C'était De Gaulle - Tome I
Mettons-nous d'accord sur la forme. (Il me tend une feuille :) "Je rappelle que, le 4 octobre 2 , j'avais indiqué qu'un projet de statut de la RTF était en préparation et que je me proposais de le faire aboutir. Je renouvelle cette promesse. Nous verrons si nous arrivons à contenter tout le monde. " Ça vous va ? »
Ça me va parfaitement. Nous n'arriverons sûrement pas à contenter tout le monde, mais je me sens tout ragaillardi devant la perspective de ce défi. C'est Pompidou qui a donc réussi à obtenir un feu vert, ou en tout cas orange. Il a décidément la manière pour rallier le Général à ses vues.
« Remettez d'abord de l'ordre »
27 janvier 1963.
Malraux me raconte qu'il a demandé à Kennedy : « Comment pouvez-vous tenir un pays comme le vôtre, sans disposer de la télévision ? »
Le Général aurait pu poser la même question ; mais il n'aurait pas été assez naïf pour le faire. Telle est pourtant, de tradition, la conception française : il n'y a pas moyen de gouverner un pareil pays, si les moyens audiovisuels n'appartiennent pas à l'Etat et ne sont pas guidés par le gouvernement.
27 février 1963, Pierre Lefranc vient me voir et me fait un nouvel avertissement. Je m'inquiète et en parle le lendemain au Premier ministre.
Il me répond en souriant : « Vous ne ferez pas changer d'avis à la fois le Général et Lefranc. On pourra peut-être convaincre le Général s'il n'est remonté par personne. Comme Lefranc va devenir préfet, ça ne doit pas être impossible. Ensuite, nous verrons si nous pouvons faire passer le Général à l'attendrisseur. Mais, d'ici là, tâchez de faire quelques actes d'autorité. Faites ce qu'il vous a demandé : remettez d'abord de l'ordre. Le Général n'acceptera que vous passiez la main à une nouvelle direction de la RTF que lorsque vous l'aurez purgée vous-même de ses mauvaises habitudes et de ses éléments rebelles. »
Au Conseil des ministres du 12 mars 1963, le Général pousse une colère devant le comportement de la RTF. Pompidou prend vigoureusement ma défense. « C'est la première fois depuis 1958 qu'on assiste à une remise en ordre. » (Ce n'est pas aimable pour mes huit prédécesseurs à ce poste depuis le retour du Général, parmi lesquels, autour de la table, Malraux et Frey, qui n'ont eu que le tort de ne pas rester assez longtemps.)

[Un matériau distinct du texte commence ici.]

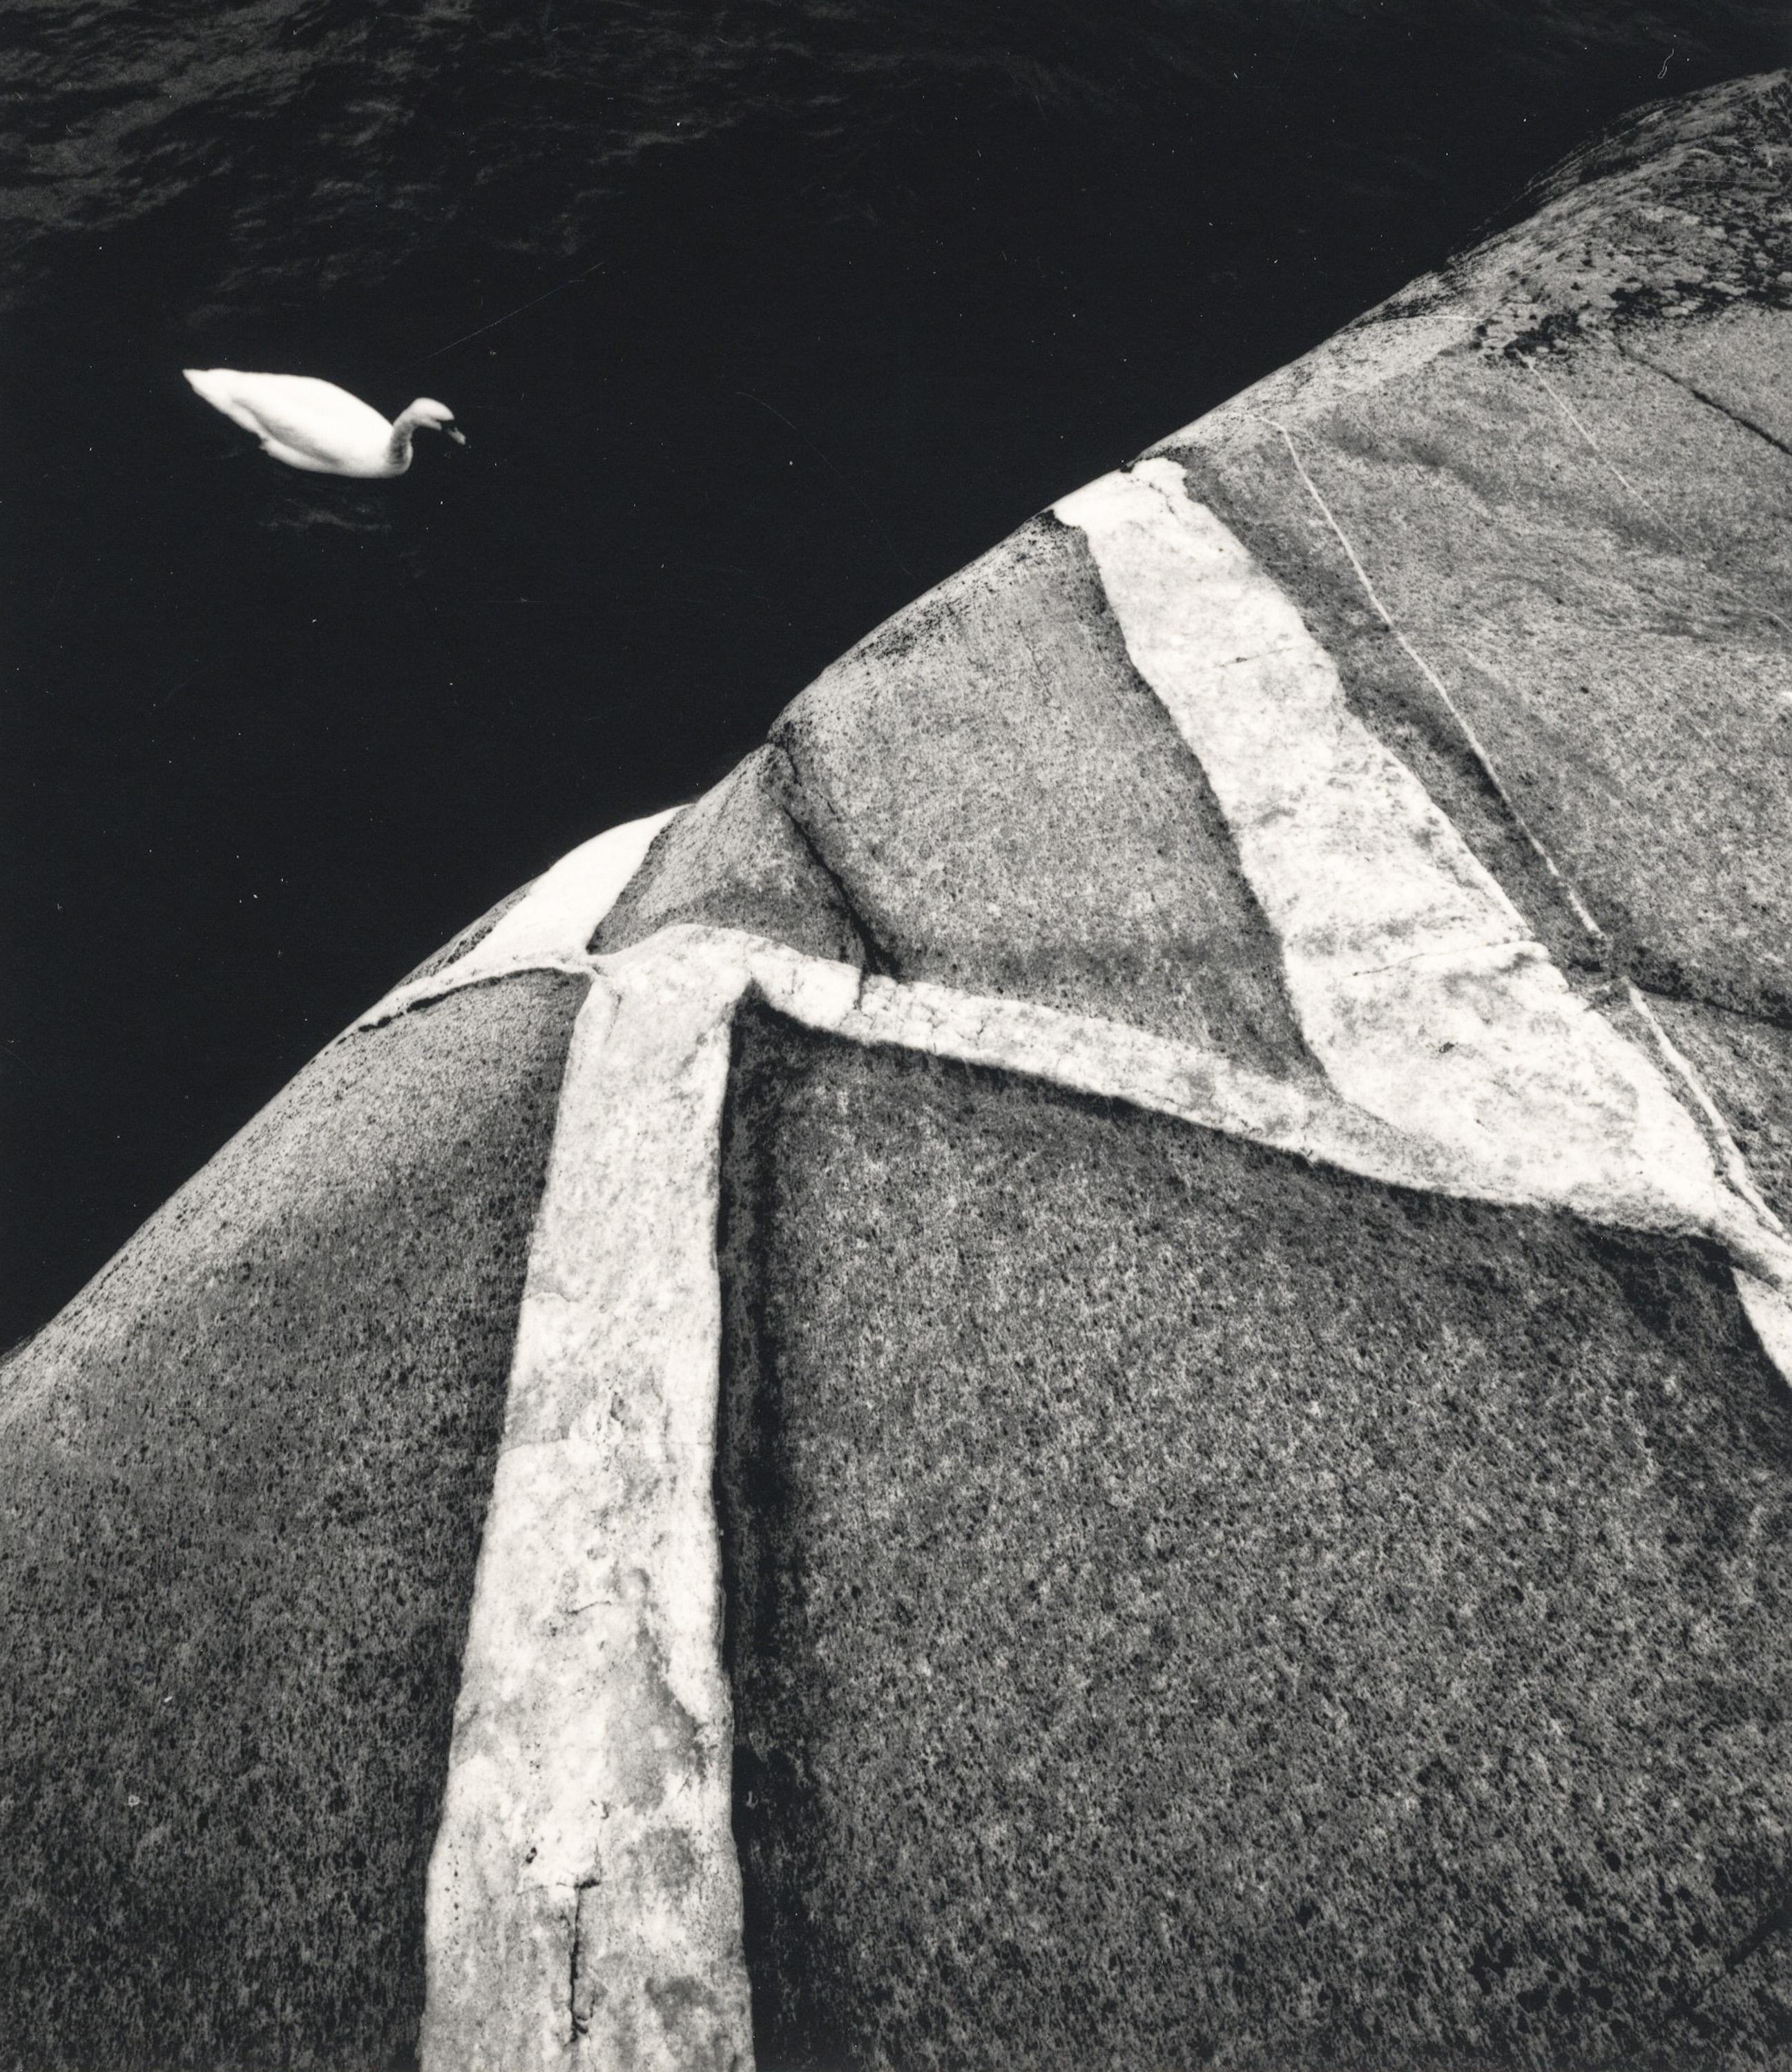 Pentti Sammallahti Abstract Photograph - Kokar, Finland (Abstract Rock Formation and Swimming Swan)

Le Général ne répond pas, prend la suite de l'ordre du jour, puis, à la fin, me fait un compliment appuyé qui tombe comme un cheveu sur la soupe.
Broglie : « Il s'est rendu compte qu'il avait pris un coup de sang, il a voulu réparer.
Bokanowski. — Il est toujours comme ça. Il a une bouffée d'impatience, puis il s'en veut et se rattrape comme il peut.»
« Expliquez votre réforme à la télévision »
1 er avril 1963. Je rédige une note pour présenter au Général et à Pompidou ma réforme du Journal télévisé.
« Le Journal télévisé est médiocre. Le public ne lui accorde qu'un faible crédit. La pauvreté habituelle des images, la suffisance et l'à-peu-près des commentaires, le rendent souvent difficilement supportable...
« Cependant, le moindre propos des journalistes de la RTF prend une allure officielle ; les incidents politiques se succèdent, le gouvernement étant dans tous les cas rendu responsable.
« Une réforme profonde s'impose, pour substituer au règne de l'improvisation un journal construit, réfléchi, imagé : suppression de la corporation des journalistes-speakers polyvalents, dits "présentateurs" ; rédaction complète du journal par des journalistes spécialisés et lecture au téléprompteur d'un texte vérifié par des rédacteurs en chef responsables ; multiplication des reportages et concrétisation visuelle de l'information ; multiplication des tribunes ; organisation systématique de Journaux télévisés régionaux. »
Le Général a lu ma note avec soin et prend l'initiative de m'en parler :
« J'approuve les principes de votre réforme, mais il faut trouver des hommes pour l'appliquer. Et il faut que vous l'expliquiez vous-même à la télévision. Il faut que les gens comprennent ce que vous voulez faire. Que ça marque un changement. Et puis, ne vous emballez pas pour les tribunes ; nous n'allons quand même pas vivre dans un Barnum permanent !
« Quand on se gratte, on finit toujours par s'irriter »
AP. — Il y a dans le pays une demande de débat. Il n'est pas bon pour nous qu'on ait l'impression d'un discours monocorde.